You are to find the minimum setup time to process a given pile of n wooden sticks. For example, if you have five sticks whose pairs of length and weight are (4,9), (5,2), (2,1), (3,5), and (1,4), then the minimum setup time should be 2 minutes since there is a sequence of pairs (1,4), (3,5), (4,9), (2,1), (5,2).

 

Input

The input consists of T test cases. The number of test cases (T) is given in the first line of the input file.
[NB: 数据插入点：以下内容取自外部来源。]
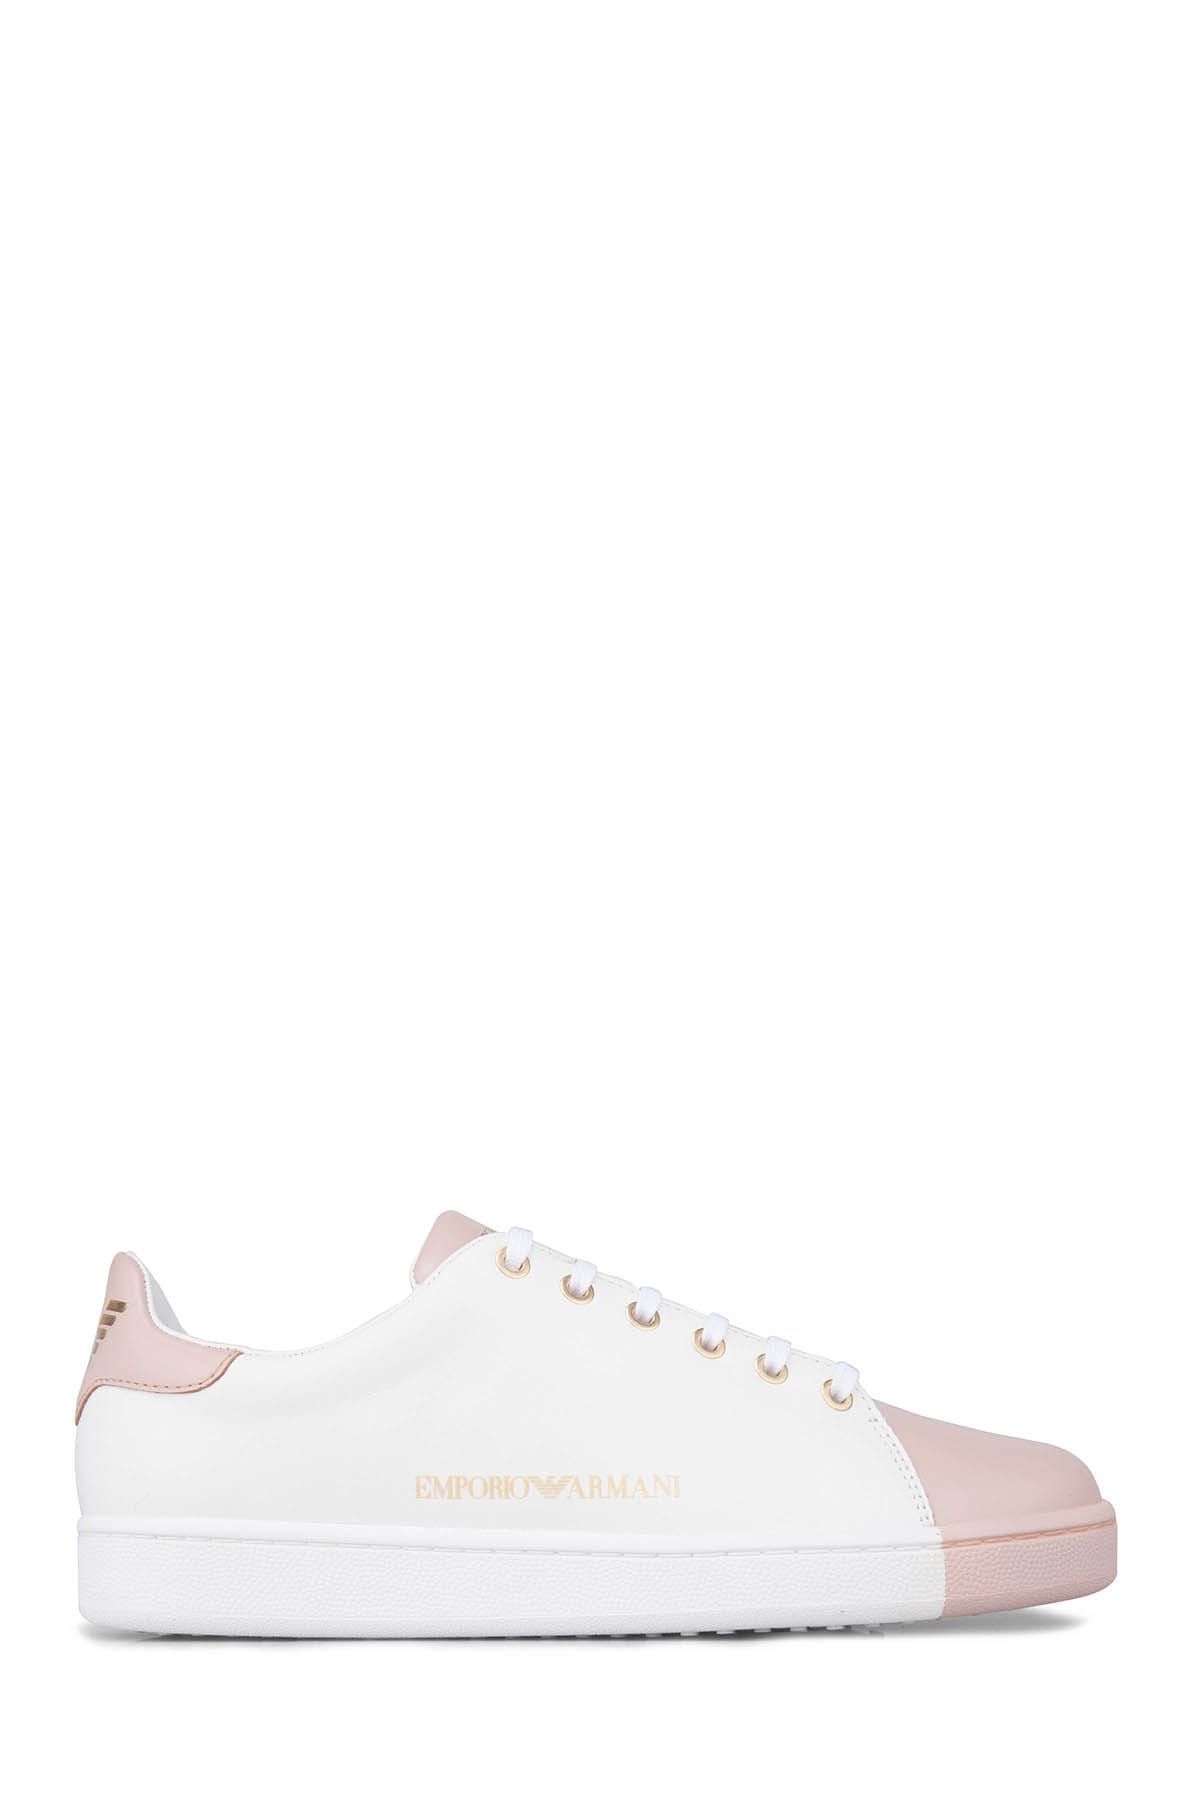 Emporio Armani Beyaz-Pudra Kadın Ayakkabı X3X061 XL815 C992

Each test case consists of two lines: The first line has an integer n , 1<=n<=5000, that represents the number of wooden sticks in the test case, and the second line contains n 2 positive integers l1, w1, l2, w2, ..., ln, wn, each of magnitude at most 10000 , where li and wi are the length and weight of the i th wooden stick, respectively. The 2n integers are delimited by one or more spaces.

 

Output

The output should contain the minimum setup time in minutes, one per line.

 

Sample Input

3 5 4 9 5 2 2 1 3 5 1 4 3 2 2 1 1 2 2 3 1 3 2 2 3 1

 

Sample Output

213

简单题意：
   排放木棒，每次排放木棒花费1分钟，下一个木棒的长度和重量都比上一个大，否则，则再需要1分钟进行排放木棒。

解题思路：
  要用“贪心算法”，先根据木棒的长度进行升序排列。然后再对重量进行判断，按重量进行分组，把第一个木棒放在第一组，如果第二个木棒的重量比第一个木棒的重量大，则它也是第一组，否则，就把它放在第二组，再往后进行判断，如果这个木棒的重量比第一组中最后一个木棒的重量小，再与第二组的最后一个木棒进行比较，如果比这个大的话就把它放在这个组，否则，就把它放在第三组，以后比较依此类推。

编写代码：

#include <iostream>
#include <algorithm>
using namespace std;
struct stick{
   int length;
   int weight;
 };

 bool cmp(stick a, stick b)
 {
     if (a.length == b.length)
        return a.weight < b.weight;
     else
        return a.length < b.length;
 }
int main()
{
    stick a[5000];
    int b[5000];
    int n;
    cin >> n;
    while (n != 0)
    {
        int t, group;
        cin >> t;
        for (int i=0; i<t; i++)
        {
            cin >> a[i].length >> a[i].weight;
        }
        sort(a, a+t, cmp);
        b[0] = 1;
        for (int i=1; i<t; i++)
        {
            group = 0;
            for (int j=0; j<i; j++)
                if(a[i].weight < a[j].weight && group < b[j])
                   group = b[j];
            b[i] = group + 1;
        }
        int minute = 0;
        for (int i=0; i<t; i++)
            if (b[i] > minute)
                minute = b[i];
        cout << minute << endl;
        n--;
    }
}